SCT is a comprehensive, free and open-source set of command-line tools dedicated to the processing and analysis of spinal cord MRI data.
Patients stratification with Graph-regularized Non-negative Matrix Factorization (GNMF) in Python.
Mila PhD student Scott Fujimoto, co-supervised by Doina Precup and David Meger, holds the open source code for TD3, one of the best performing current deep reinforcement learning methods.
The Temporal Graph Benchmark (TGB) is a collection of challenging and diverse benchmark datasets for realistic, reproducible, and robust evaluation of machine learning models on temporal graphs. TGB datasets are of large scale, spanning years in duration, incorporate both node and edge-level prediction tasks and cover a diverse set of domains including social, trade, transaction, and transportation networks. For both tasks, we design evaluation protocols based on realistic use-cases. TGB provides an automated machine learning pipeline for reproducible and accessible temporal graph research, including data loading, experiment setup and performance evaluation. TGB will be maintained and updated on a regular basis and welcomes community feedback.

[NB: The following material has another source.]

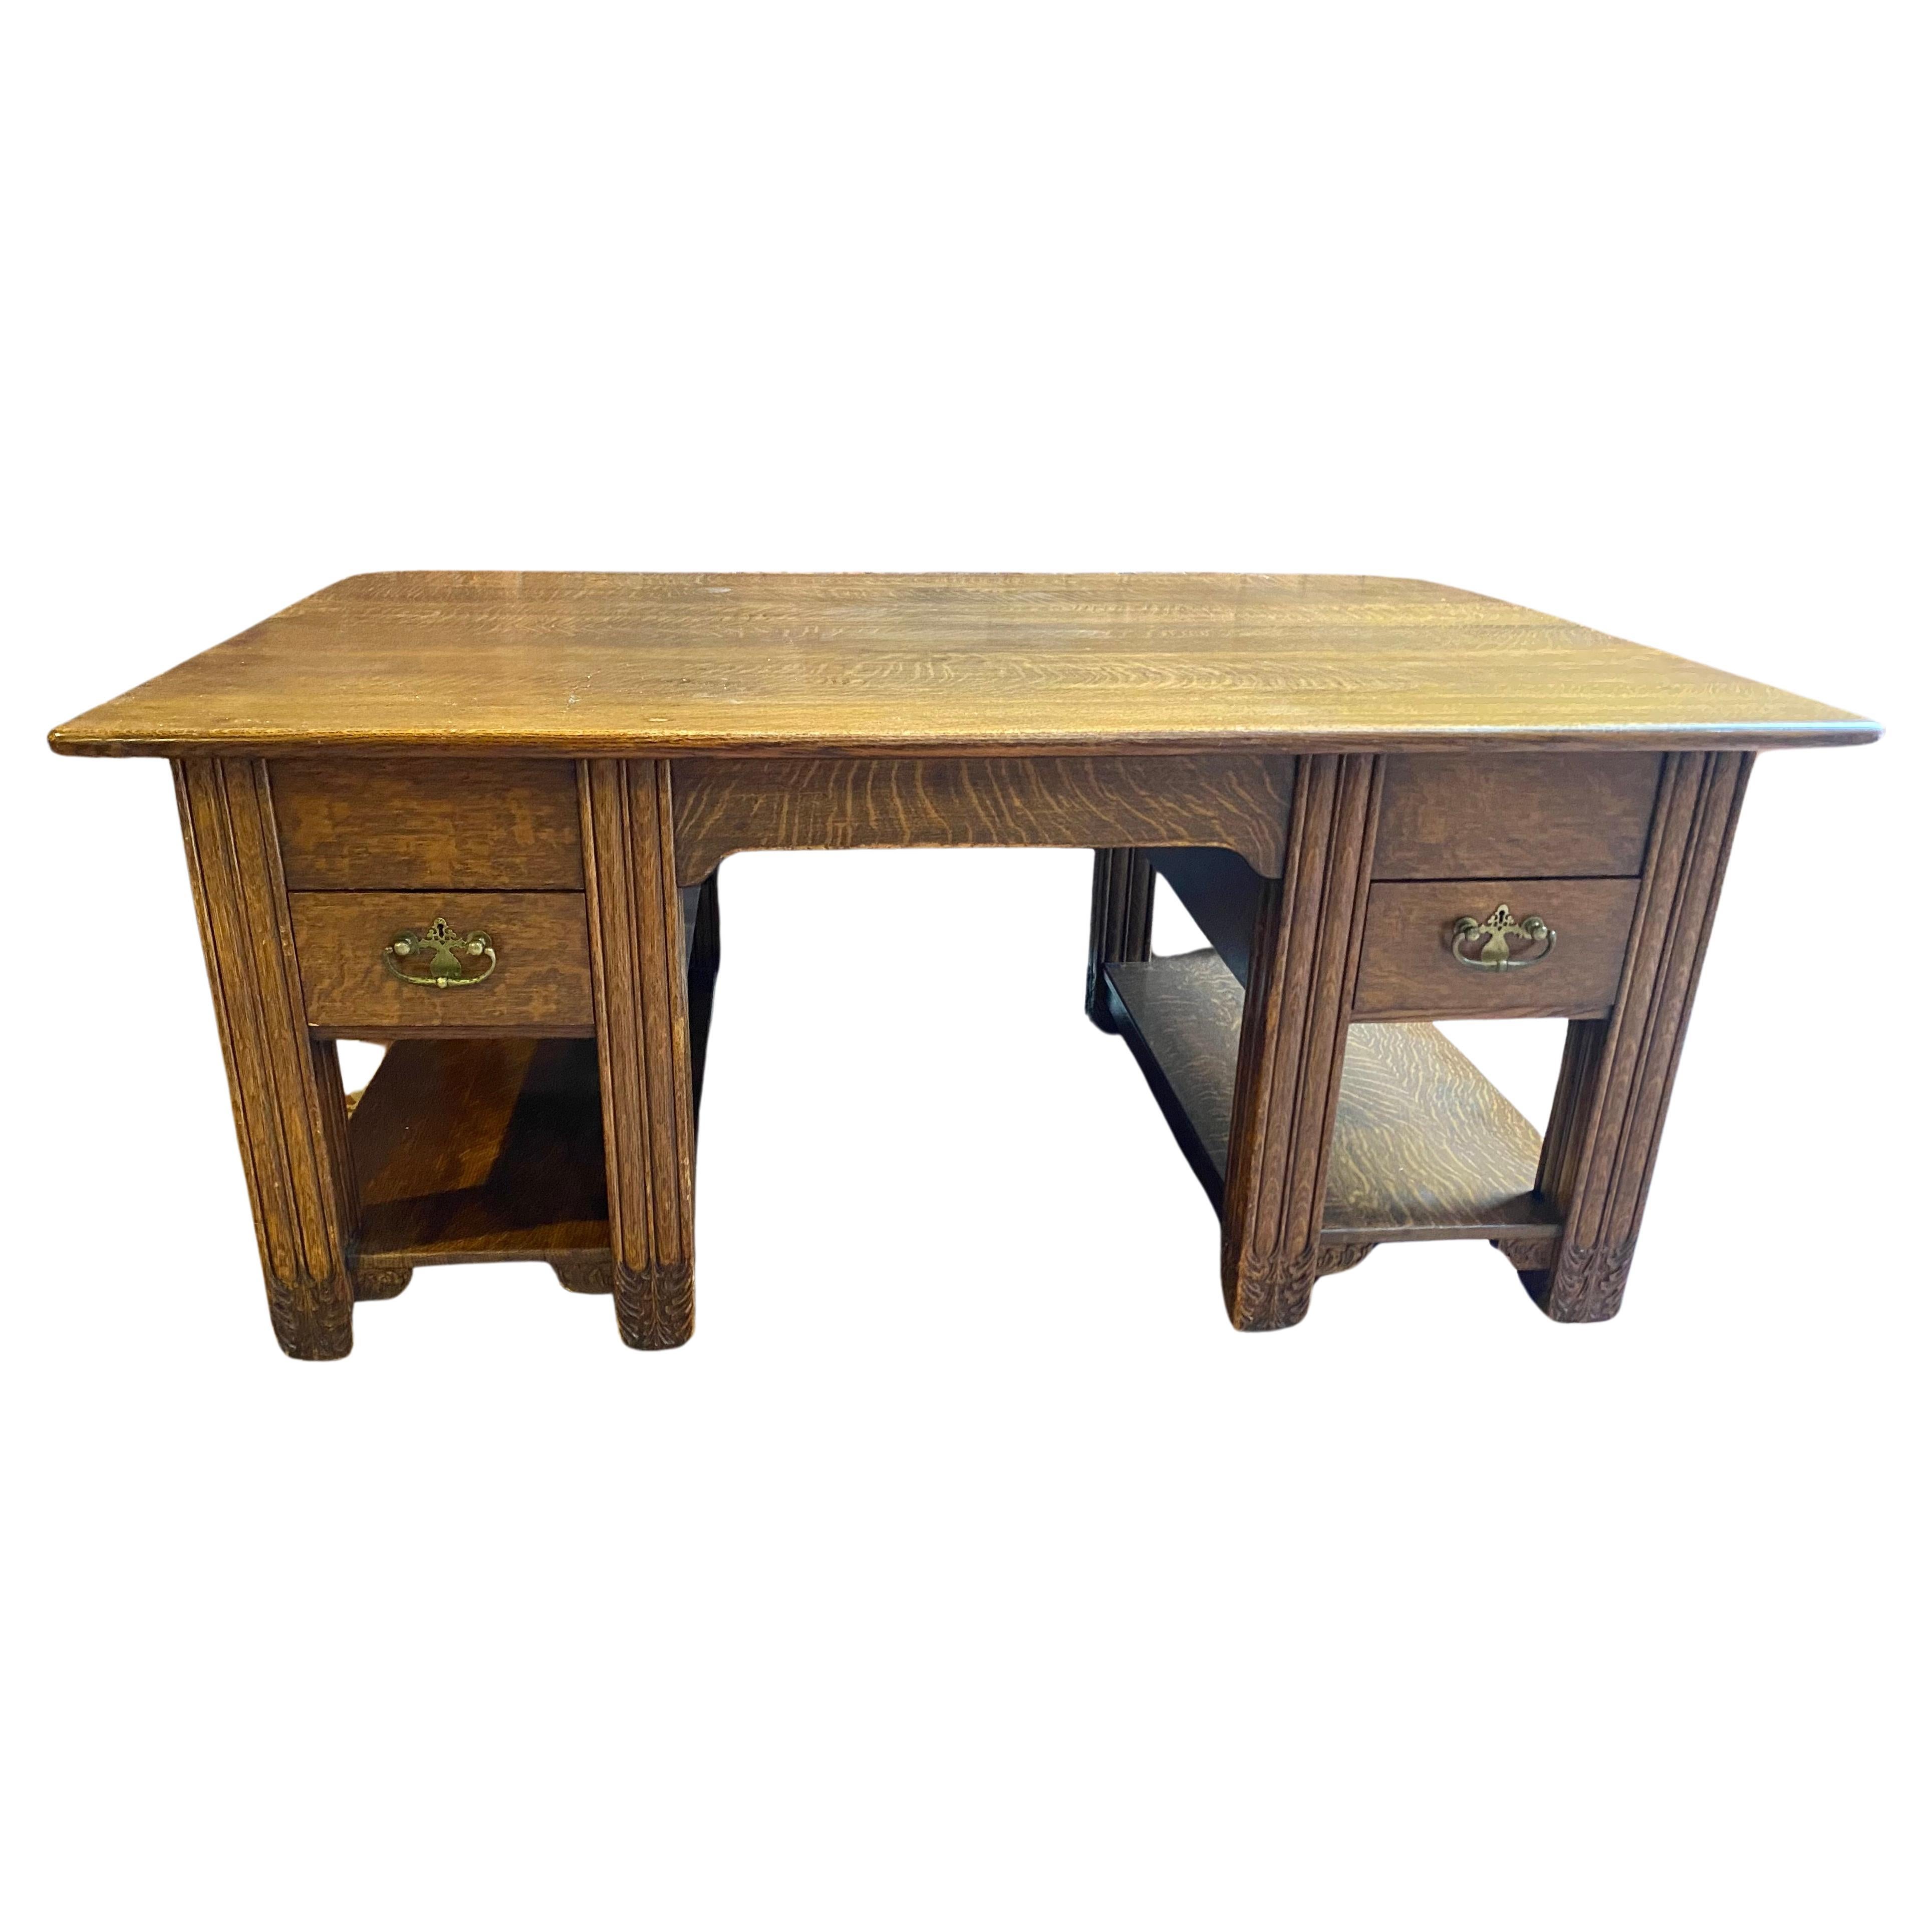 American Aesthetic Oak Partners Desk manner Louis Comfort Tiffany.. Large and handsome antique oak partner's desk, Gorgeous grain, brass hardware.carving to the massive feet.Drawers and workspace on both ends as well as storage where each person

Theano, one of the earliest programming frameworks for deep learning, originated at Mila and Université de Montréal. Theano is a Python library and optimizing compiler for manipulating and evaluating mathematical expressions. The development of Theano was completed in 2017.
TorchDrug is an open-source machine learning platform for drug discovery, covering techniques ranging from graph machine learning, deep generative models to reinforcement learning.
Available as part of TorchDrug, TorchProtein is a ML library for protein science, providing representation learning models for both protein sequences and structures, as well as fundamental protein tasks like function prediction and structure prediction.